I will not be back soon.
I will never forget the day I told you I’d be back soon, the day I burst your heart wide open, the day I left Mississippi, the day you called me your child, your best friend, your reason for living. I will write about home. I will do everything I can to never feel what I felt those last few years in Mississippi. I will bend. I will break. I will build. I will recover.
I will not be back soon.
Ray Gunn hugged you and promised we’d drive your car carefully. We backed out of the driveway. You walked into the street sobbing into your hands. I should have been crying because you were crying. I tried. I learned how to lie from you but I never learned how to make myself cry. I told Ray to reverse the car. He put it in reverse and I jumped out and hugged your neck.
“Come back, Kie,” you said. “Please.”
“I’ll be back soon,” I whispered in your ear, and jumped back in the car. “I’ll be back soon,” I yelled out the window as we shrunk out of each other’s sight. This felt different. “I’ll be back soon. Don’t worry. I love you. I promise. I will be back home so soon.”
GREENS
You were in Grandmama’s living room delicately placing a blinking black angel with a fluorescent mink coat on top of her Christmas tree while Uncle Jimmy and I were examining each other’s bodies in a one-bedroom apartment in Bloomington, Indiana. I was in my final year of graduate school. Uncle Jimmy and I were having a contest to see who could make their forearms veinier. “Shit, sport,” Uncle Jimmy said as he hugged me. “You eating a lot of spinach in grad school or what? You look like you training for the league.”
I was twenty-six years old, 183 pounds. My body fat was 8 percent.
Uncle Jimmy was six-three and so skinny that his eyes, which were nearly always yolk yellow, looked like they wanted to pop out of his head.

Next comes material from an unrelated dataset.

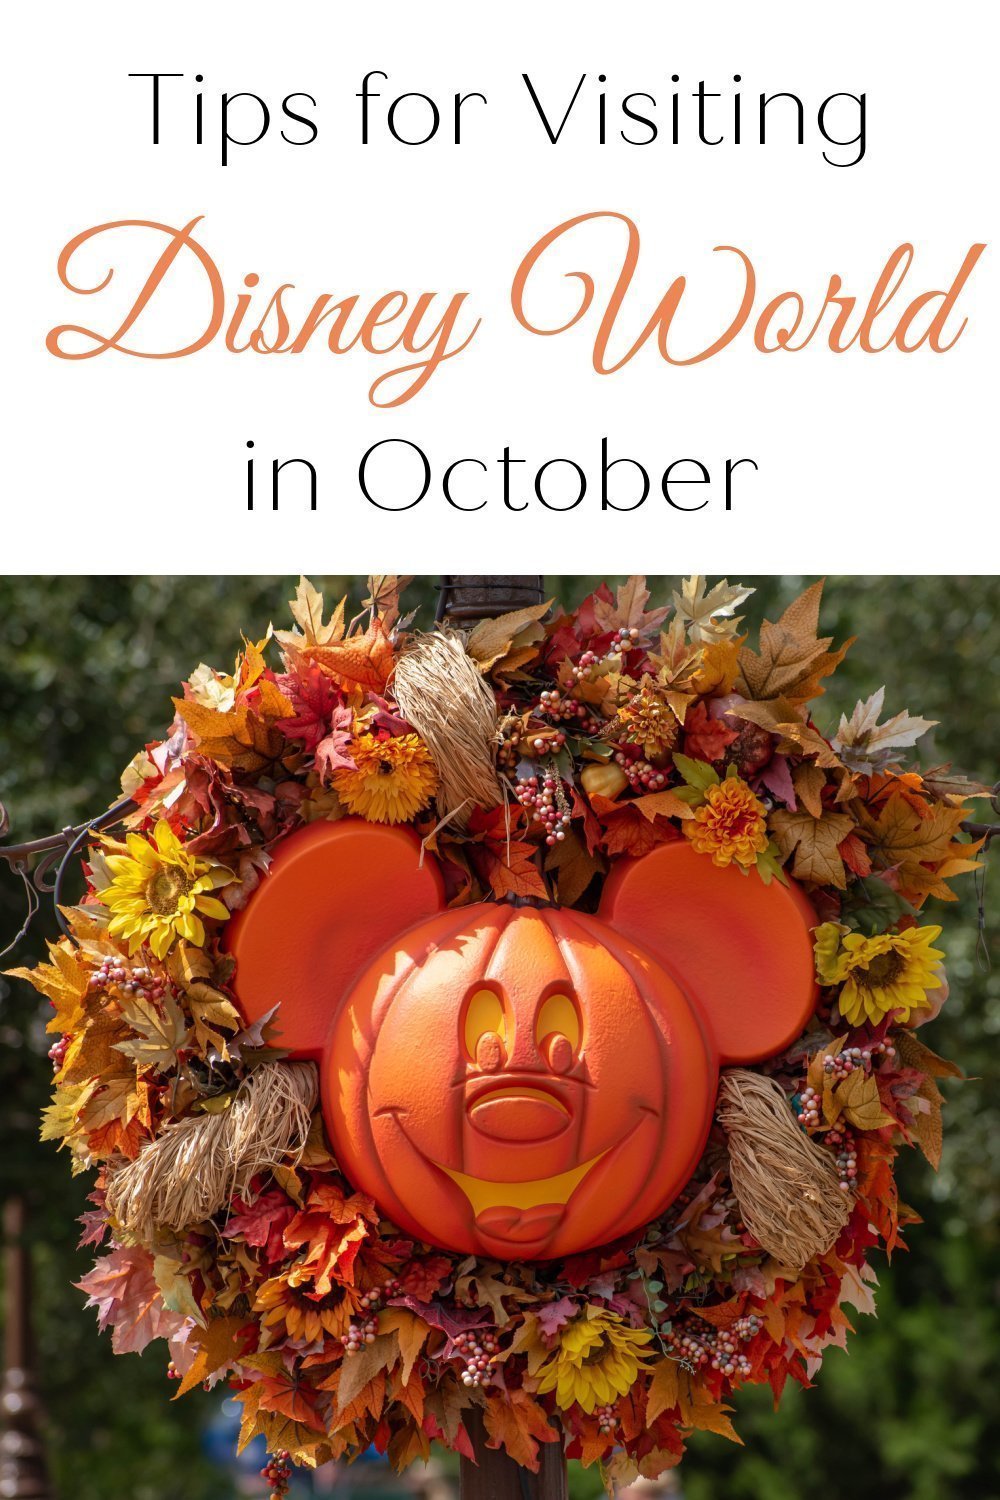 Tips for Visiting Disney World in October

He wore the same Chicago Bears sweatshirt, same gray church slacks, same church shoes he wore when he was forty pounds heavier.

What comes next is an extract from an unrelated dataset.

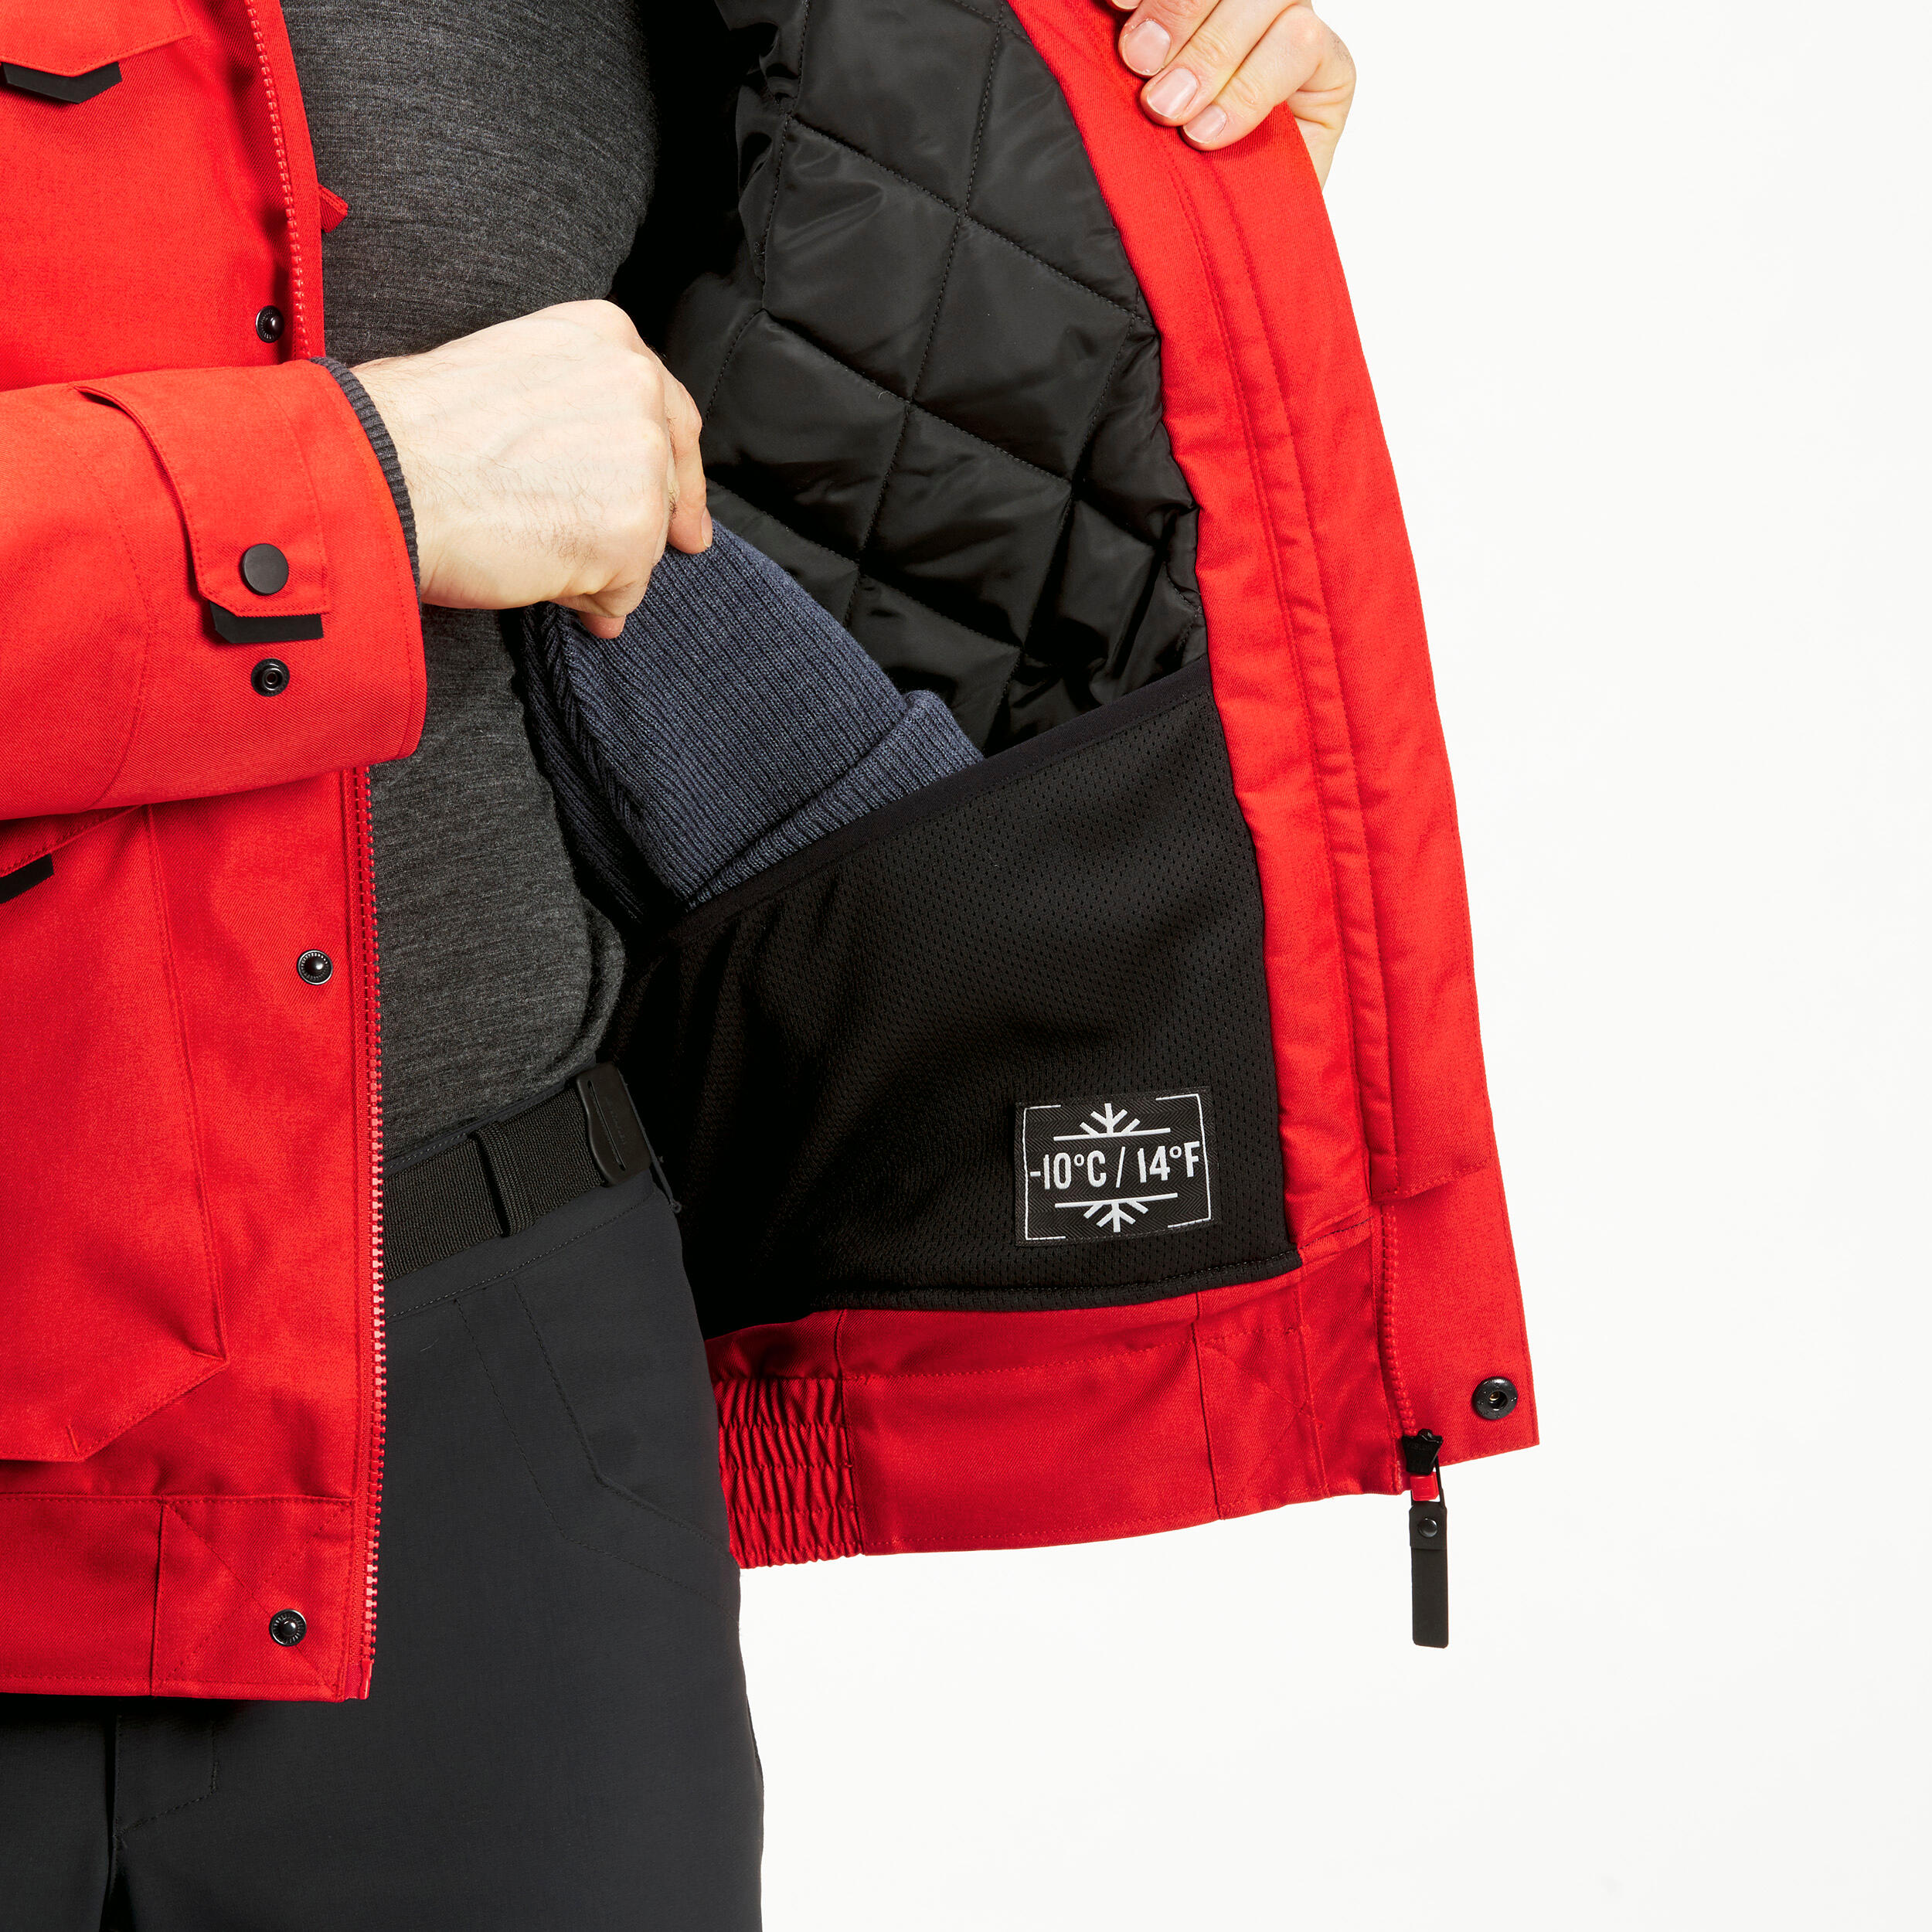 Men’s Waterproof Winter Hiking Jacket SH500 -10°C 7/11

When I asked him if anything was wrong, Uncle Jimmy said, “This blood pressure medicine the doctor got me on, it make it hard for a nigga to keep weight on. That’s all. Is it okay for me to say ‘nigga’ around you now? I know you’re a professor like your mama and shit now.”
I told Uncle Jimmy I was a graduate instructor and a graduate student. “That’s a long way from a professor. I think I wanna teach high school. But regardless, you can always say ‘nigga’ and any other word you want around me. I’m not my mama.”
On the way to Mississippi, we stopped at gas station after gas station. Uncle Jimmy went to the bathroom for ten minutes each time. I cranked up Aquemini and did push-ups and jumping jacks outside the van while he did whatever he needed to do. He eventually came back with pints of butter pecan ice cream and big bags of Lay’s Salt & Vinegar.
“Want some, nephew?” he asked.
“Naw,” I said over and over again. “I’m good.”
“You good?”
“I’m good,” I told him. I didn’t tell him I was running eleven miles, playing two hours of ball, and eating eight hundred calories a day. I didn’t tell him I gleefully passed out the previous week in the checkout line at Kroger. I didn’t tell him a cashier named Laurie asked if I was “diabetic or a dope fiend” when I woke up. I didn’t tell him the skinnier my body got, the more it knew what was going to happen, just as much as it remembered where it had been.